> WORK ITEM: Wherever a picture appears in the listing, leave it out, and copy the rest exactly.

> GIVEN DATA:
*** Block opens ***
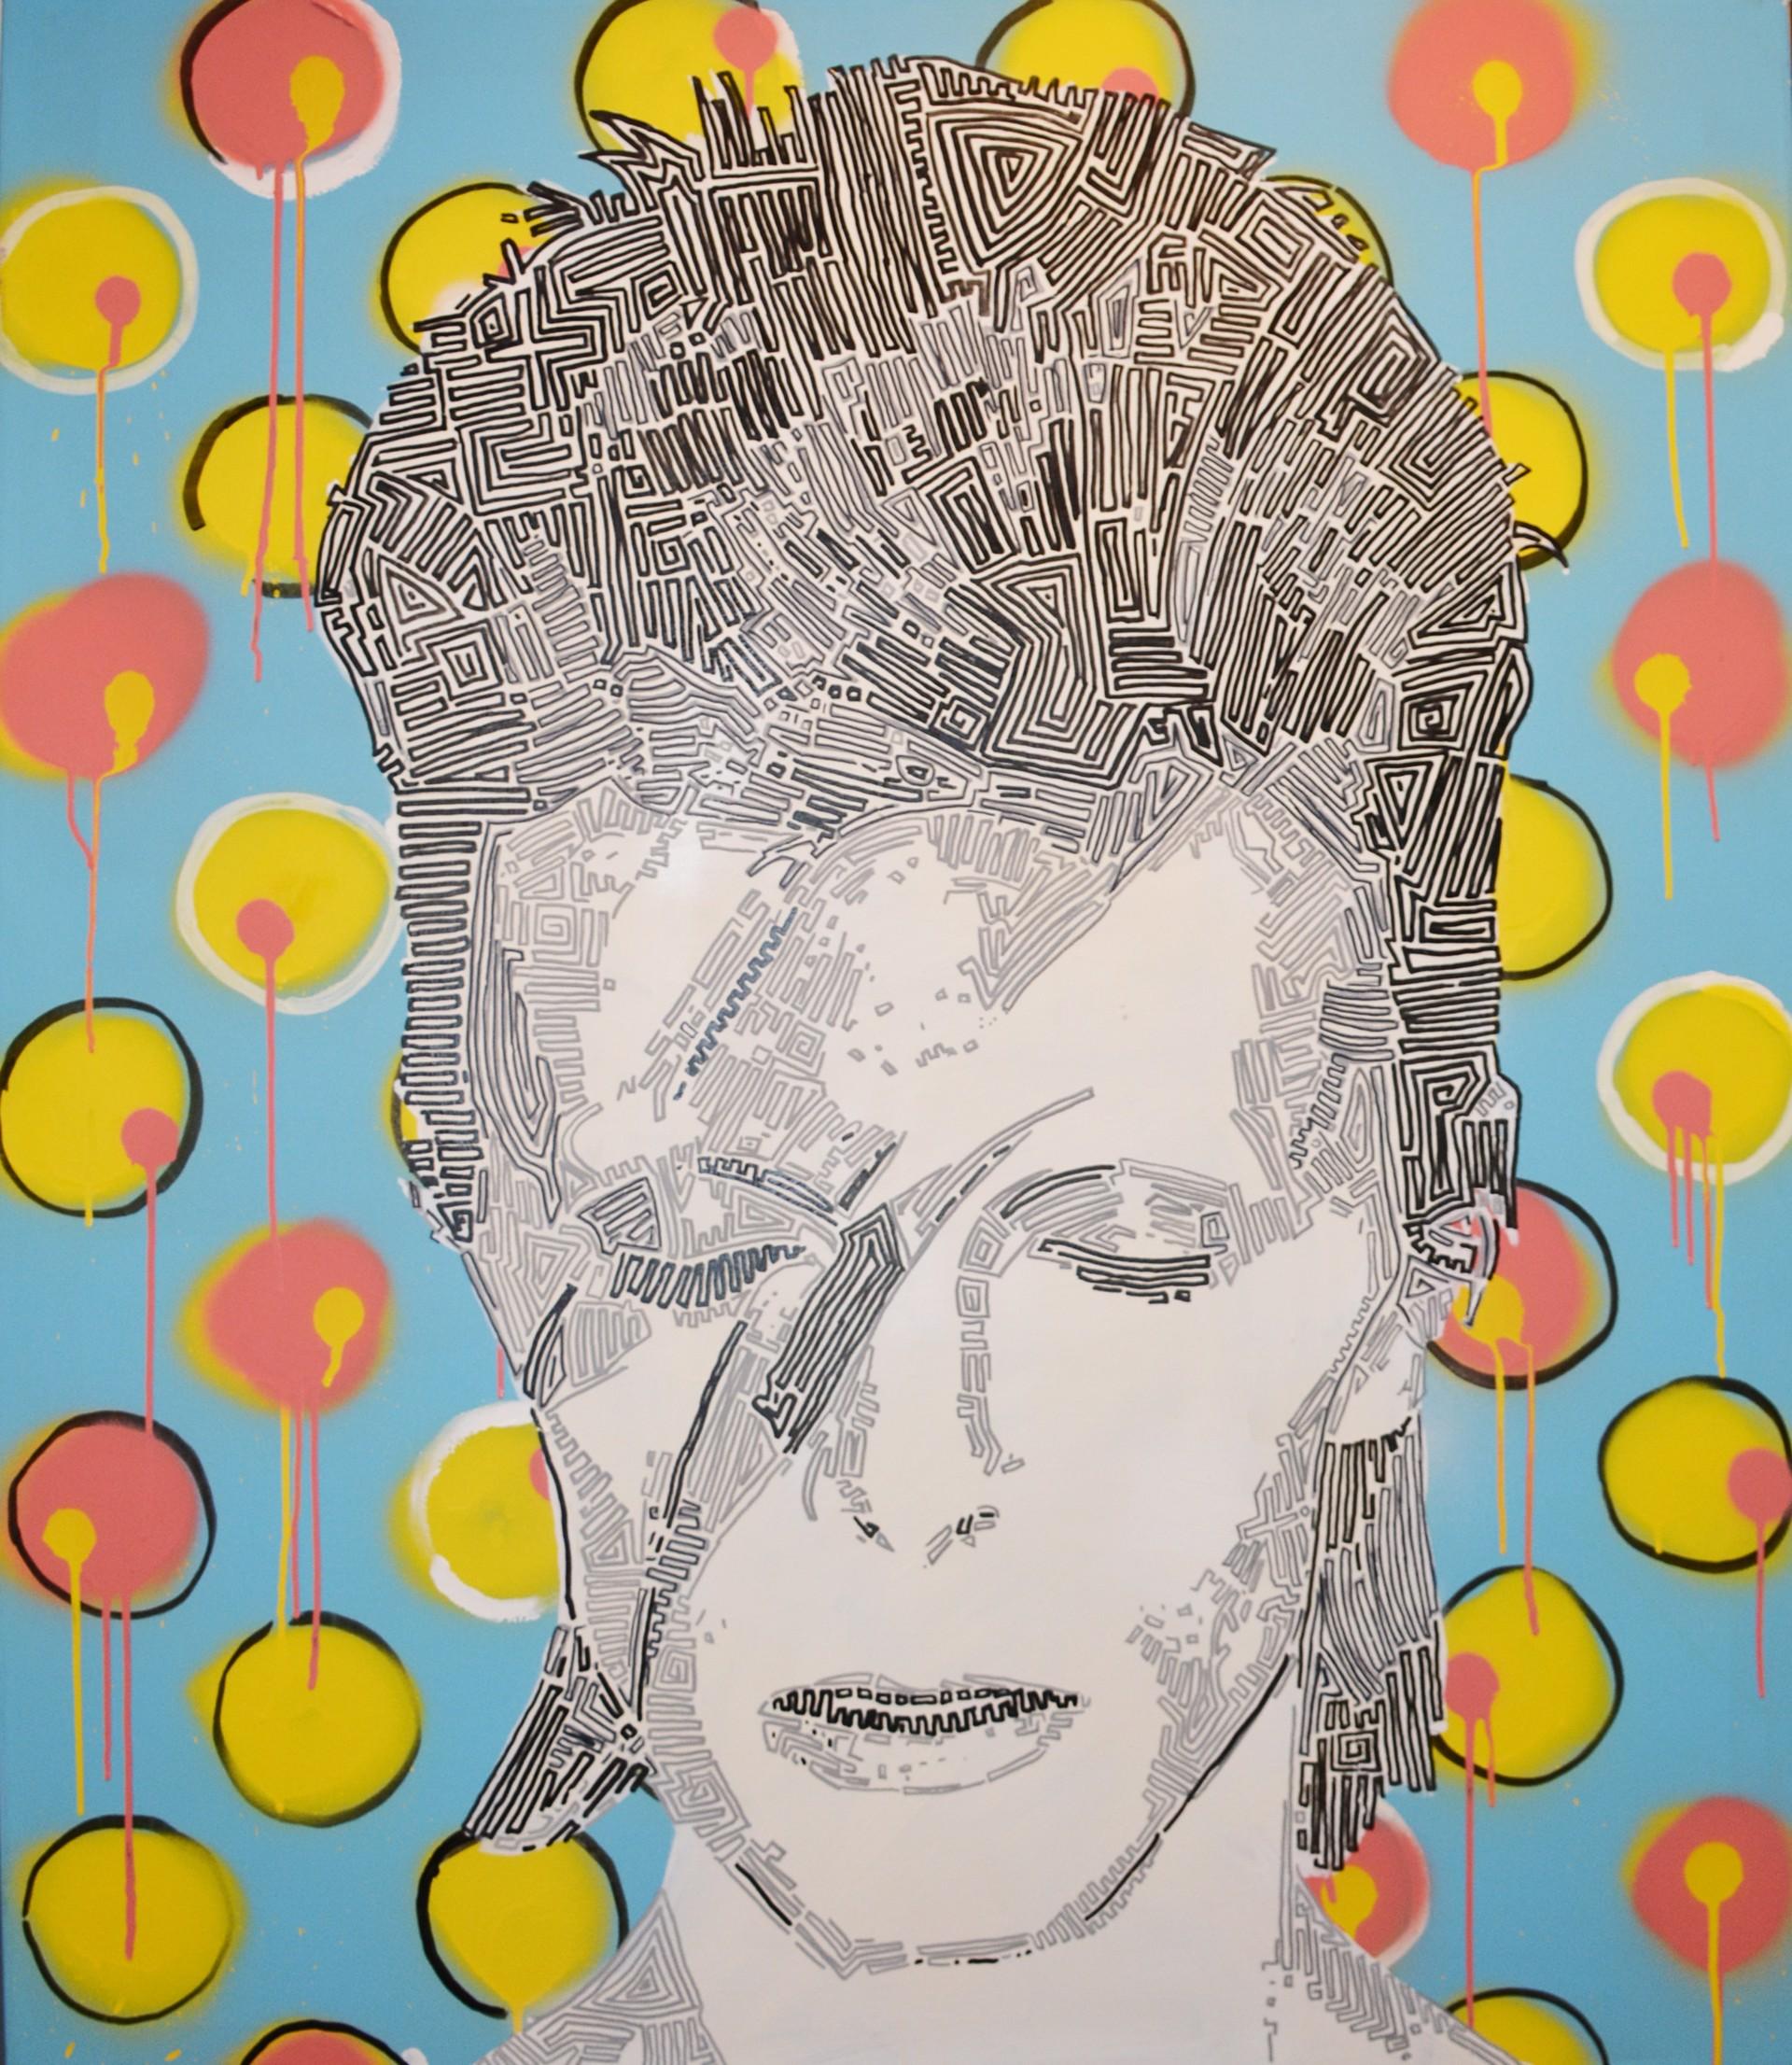 Bowie by Jason Poremba
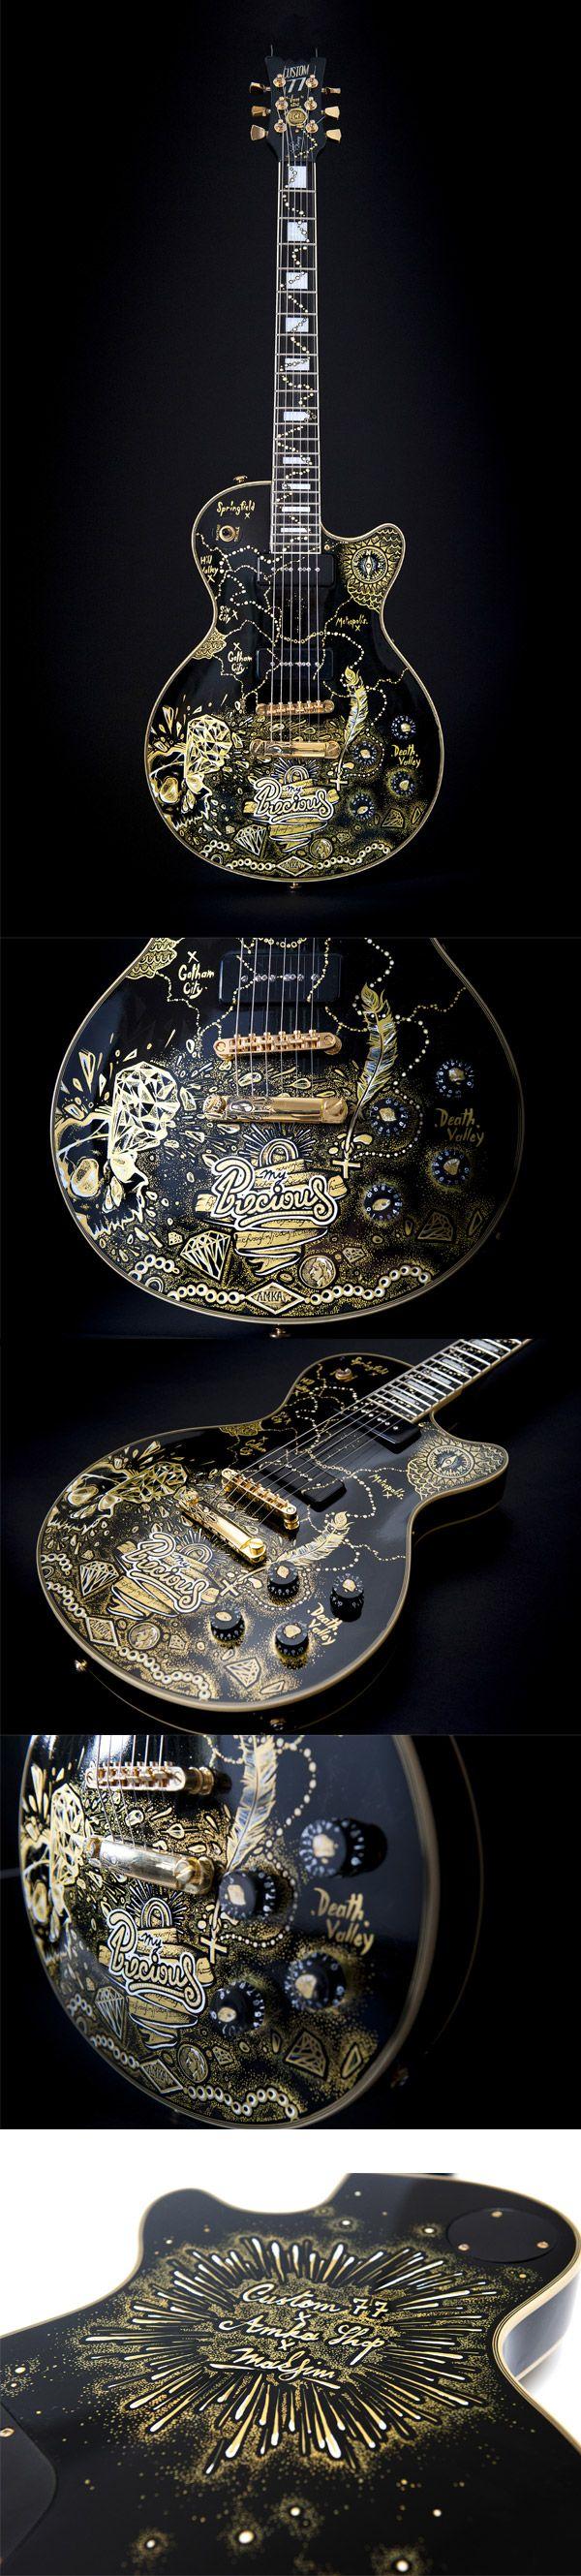 """Une custom guitar intitulée """" My Precious """" par l'artiste Maksim de l' AmkaShop. Retrouvez des cours de #guitare d'un nouveau genre sur MyMusicTeacher.fr"""
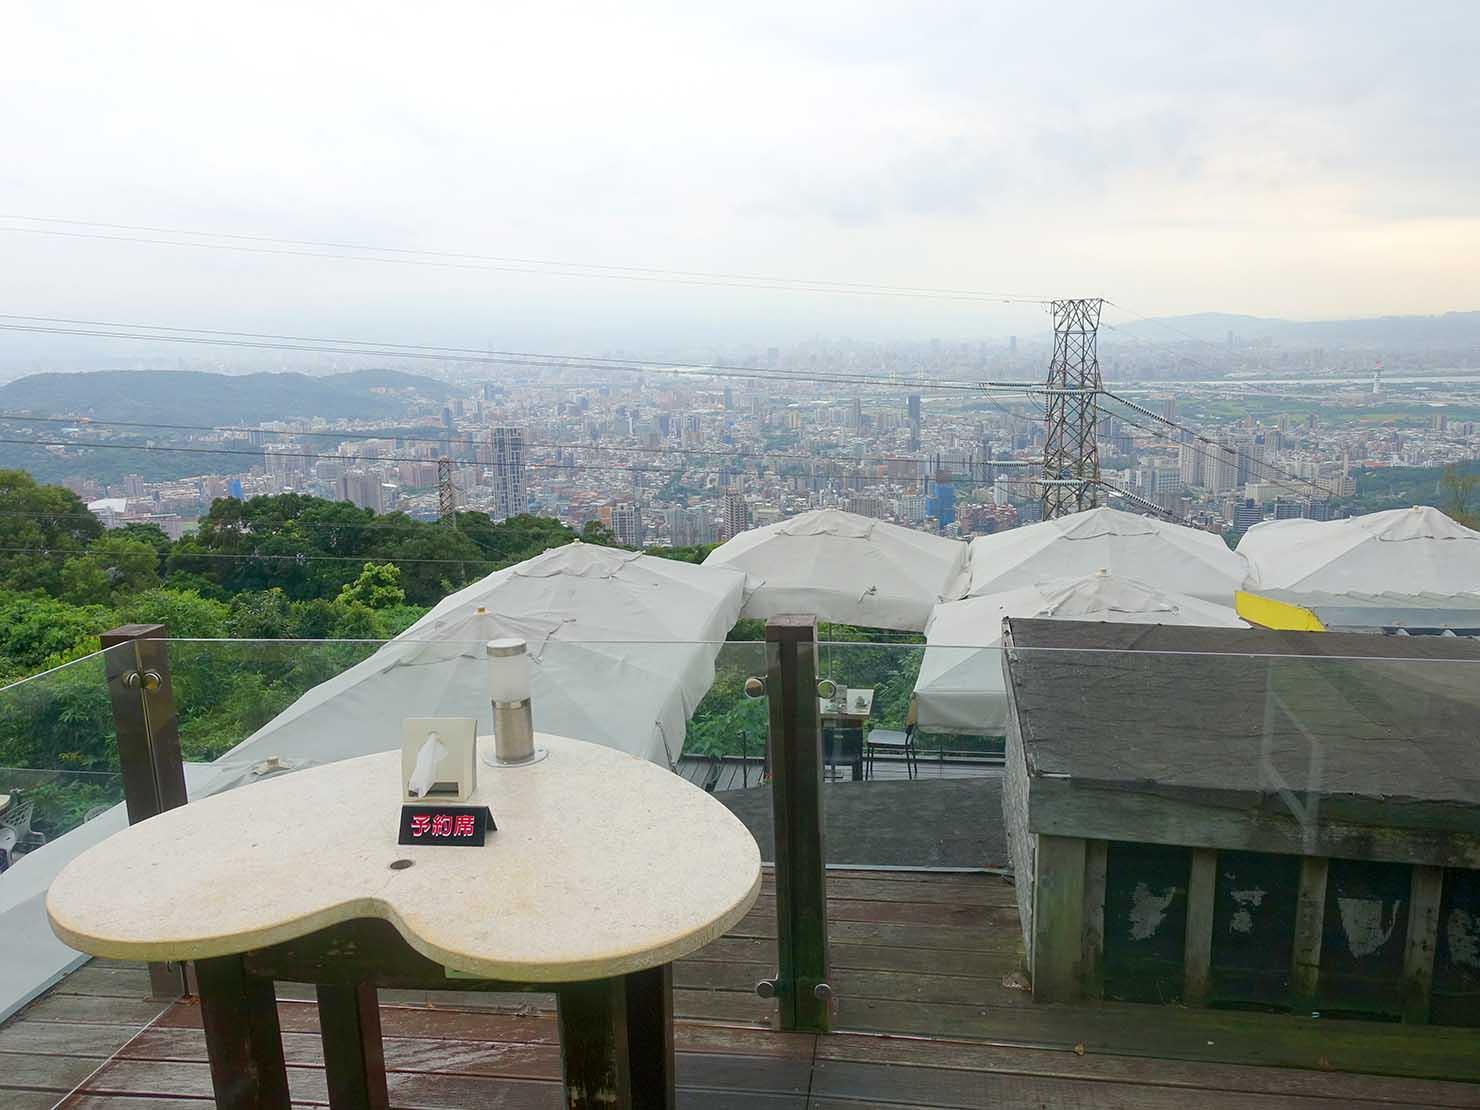 台北・陽明山のレストラン「草山夜未眠」ペアシートから望む景色
*** Block closes ***
> WRITTEN REPLY:
 Bowie by Jason Poremba
 """Une custom guitar intitulée """" My Precious """" par l'artiste Maksim de l' AmkaShop. Retrouvez des cours de #guitare d'un nouveau genre sur MyMusicTeacher.fr"""
 台北・陽明山のレストラン「草山夜未眠」ペアシートから望む景色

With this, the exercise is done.